Oh well, I'll explain it to you, if you want the waveforms, simulate the .asc file I posted previously.

It's basically a capacitive voltage doubler (a charge pump). When Q1 is on, M1 is off because its gate is shorted to its source, allowing C1 to charge to near the supply voltage via D1 and RL. When Q1 is off, M1 will be on, C1's anode will be connected to M1's gate via R1 and the cathode to M1's source which is now near the supply voltage, so the gate voltage will now be near double +V.

R2 limits the base current to Q1, C2 is an AC coupling capacitor and D2 allows C2 to discharge when the signal goes negative.

[Simon]

so the double voltage is across the positive of the capacitor

[Zero999]

Yes, but only when M1 is on, when it's off the voltage on C1 will be near the supply voltage.

[Simon]

what about the diodes in the transistors, would they provide sufficient protection ?

[Zero999]

The MOSFETs?

Well it depends.

I've seen plenty of circuits where additional diodes are included because the designer has reasoned that the internal parasitic diodes might not be fast enough but the circuits I've seen work at higher frequencies than 50Hz so I think you'll be fine without any additional diodes. The IRF9540N is also pretty rugged, it's rated at 100V and can withstand 14mJ of avalanche energy (back EMF from an inductor) without being destroyed so even if there's a short delay before the diodes kick in, I don't think it will be a big problem.

[alm]

The parasitic diodes are pretty slow. I don't think switching speed is what matters, but the time it takes for the EMF to exceed the rated voltage of the MOSFET. Probably depends on the inductance and the amount of capacitance in the circuit. I'd spend the extra few cents and include the (reasonably fast) diode, but if they add a significant amount to the costs (mass manufacturing), it might be worth spending the extra time to figure out the actual EMF.
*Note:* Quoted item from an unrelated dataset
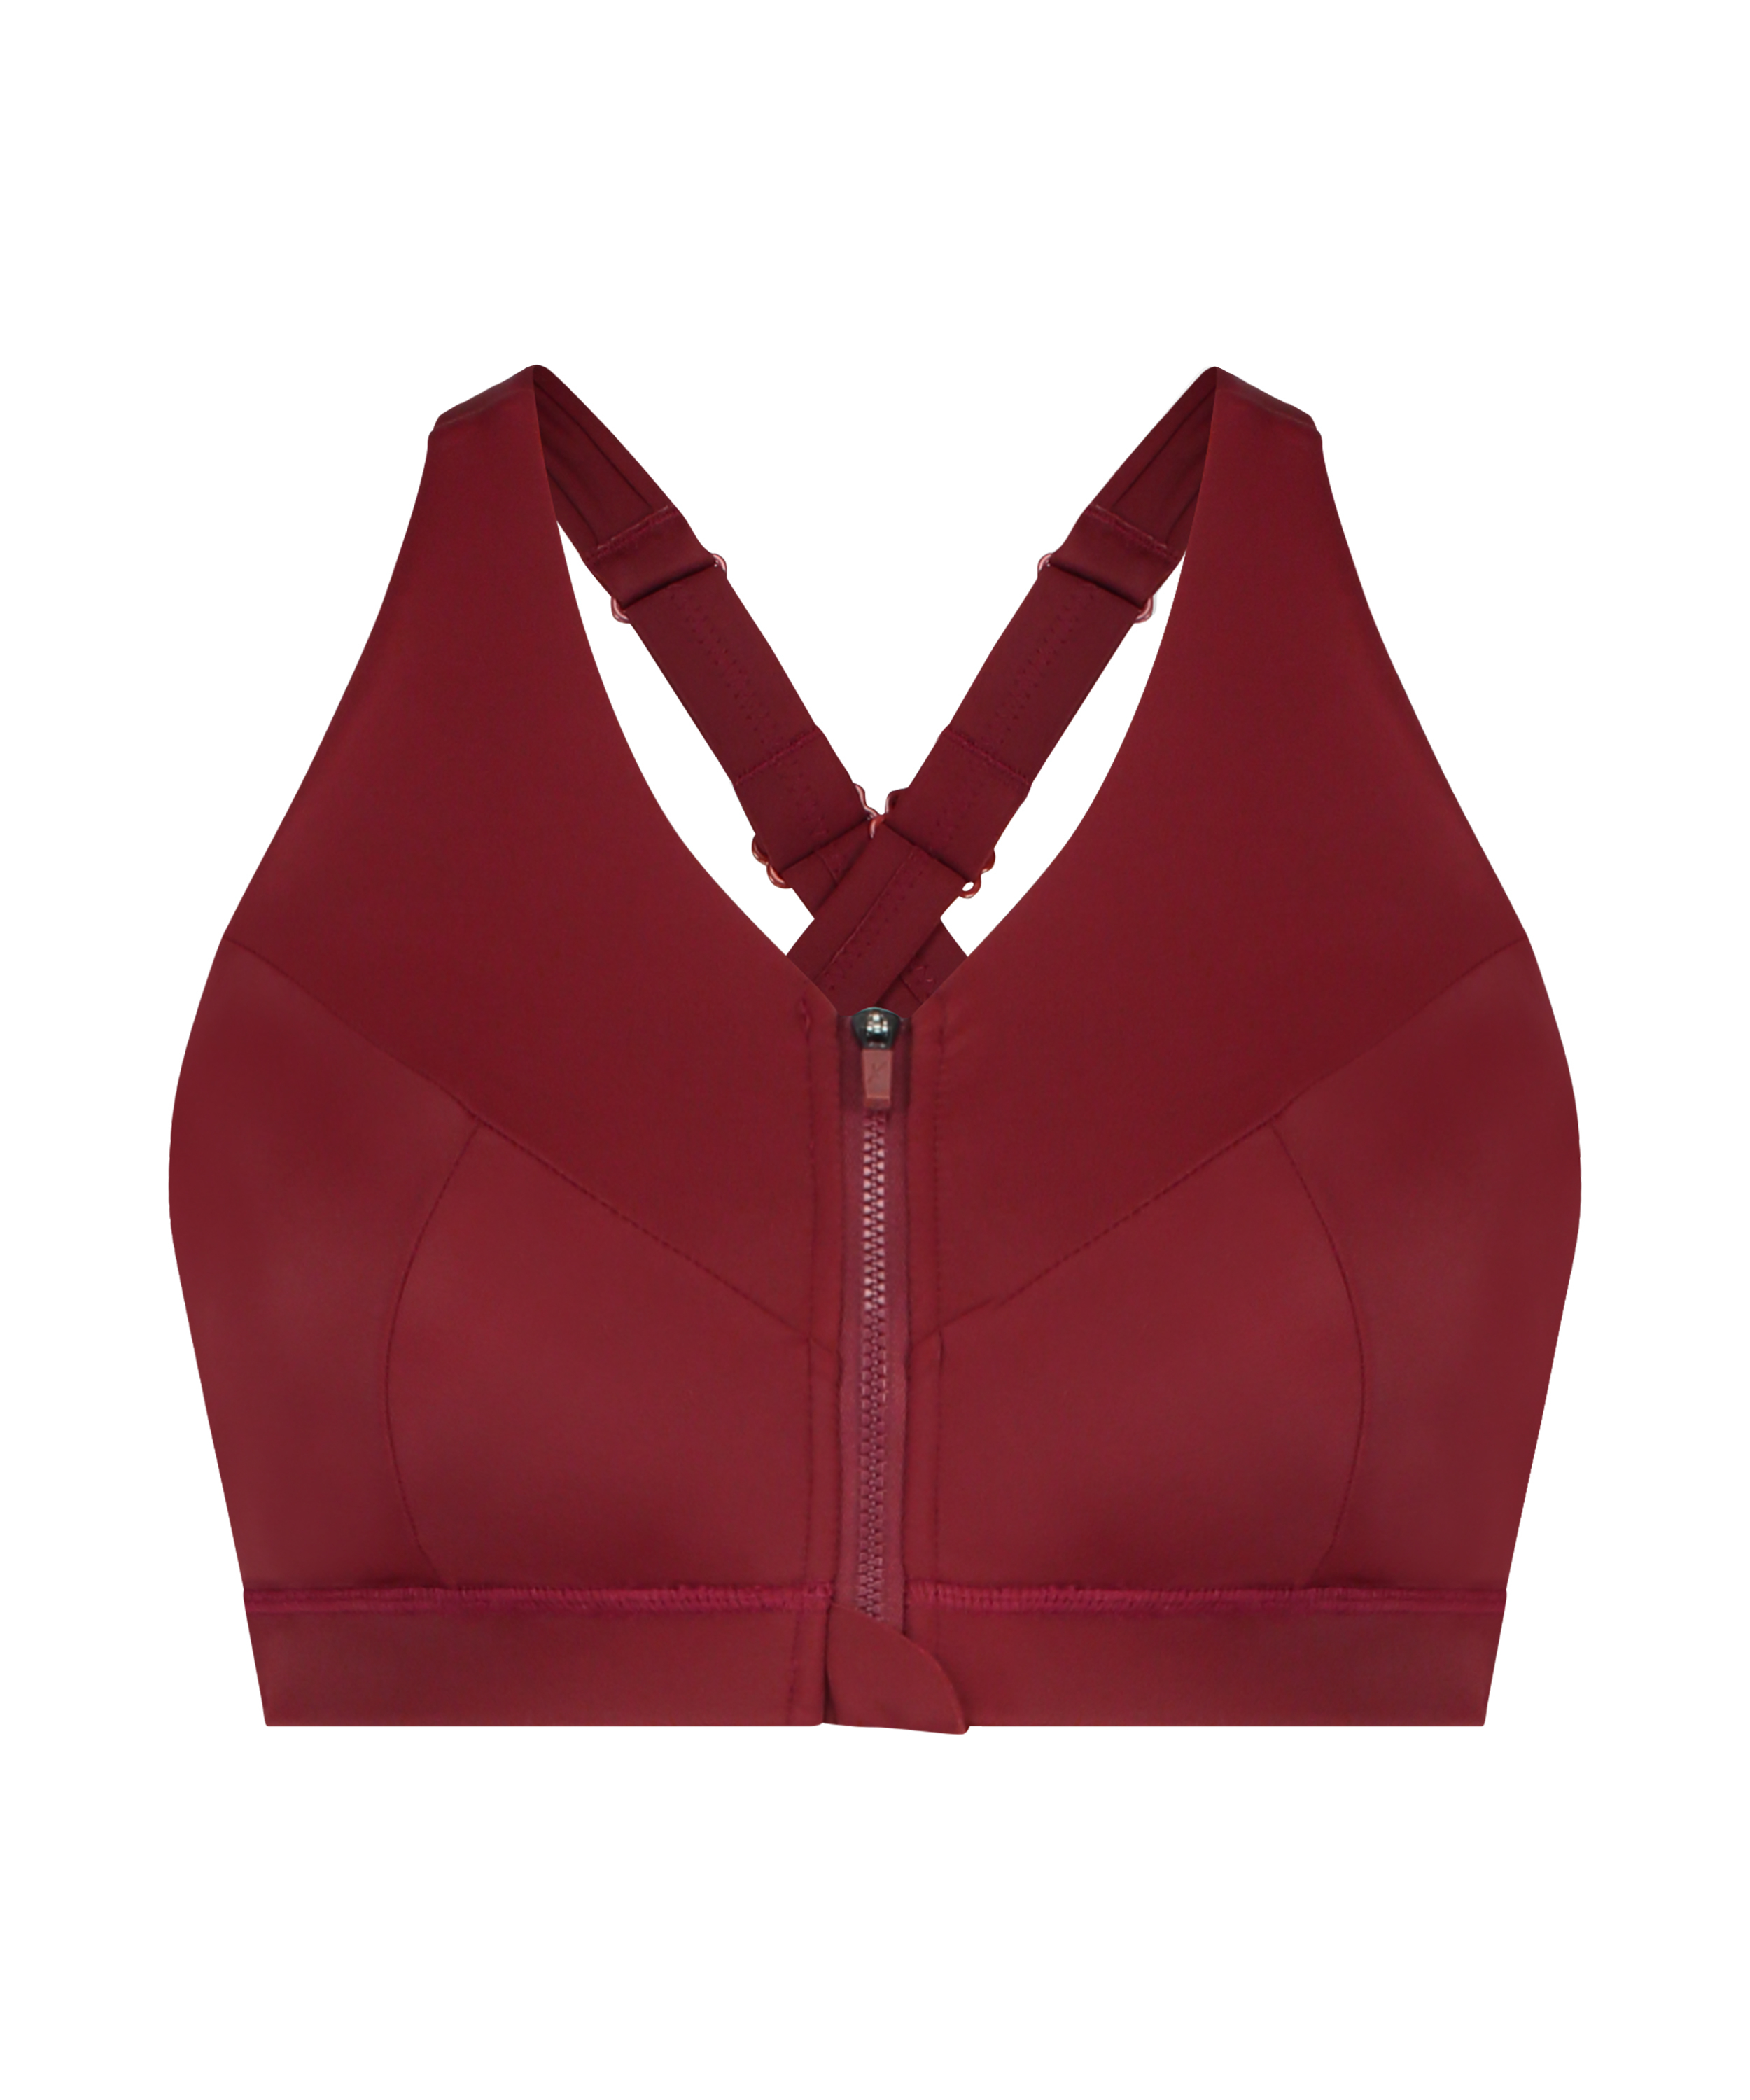 HKMX Sports bra The Pro Level 3, Red, main
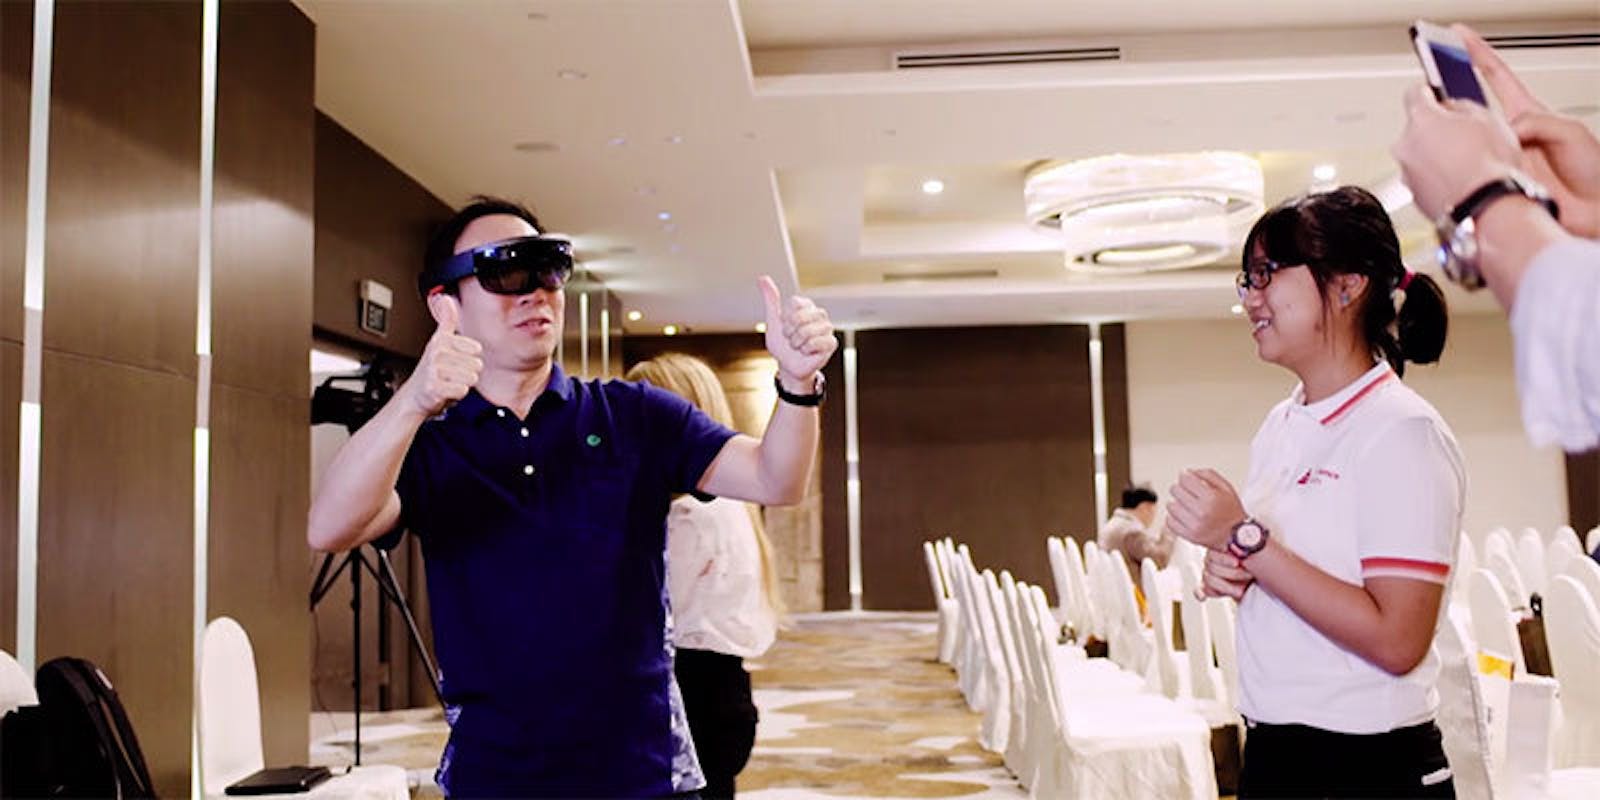 VR masterclass in Singapore

If you want a reliable product, only rely on guaranteed specs, unless you're prepared to do your own qualification. Relying that some parameter that you measured a few years ago will remain unchanged when you source from a different manufacturer or they change process is a bad idea in my opinion.

[NiHaoMike]

http://www.edn.com/file/15729-52704di.pdf
Look at the last 2 pages.

[RayJones]

Punch through is probably your biggest concern, ie when both top and bottom switches conduct simultaneously.
Using inductors is a band aid effort when the proper solution is to design to not allow punch through in the first place.

It's all very noble designing from the ground up, but why bother when there are mosfet driver chips out there designed to:
 a/ void punch through
 b/ internally generate the boosted gate drive for the hgh side switch.

Linear Technology's web pages are a good place to start, I've used the LT 1158 and LT 1160 half bridge drivers, there are of course full bridge drivers available.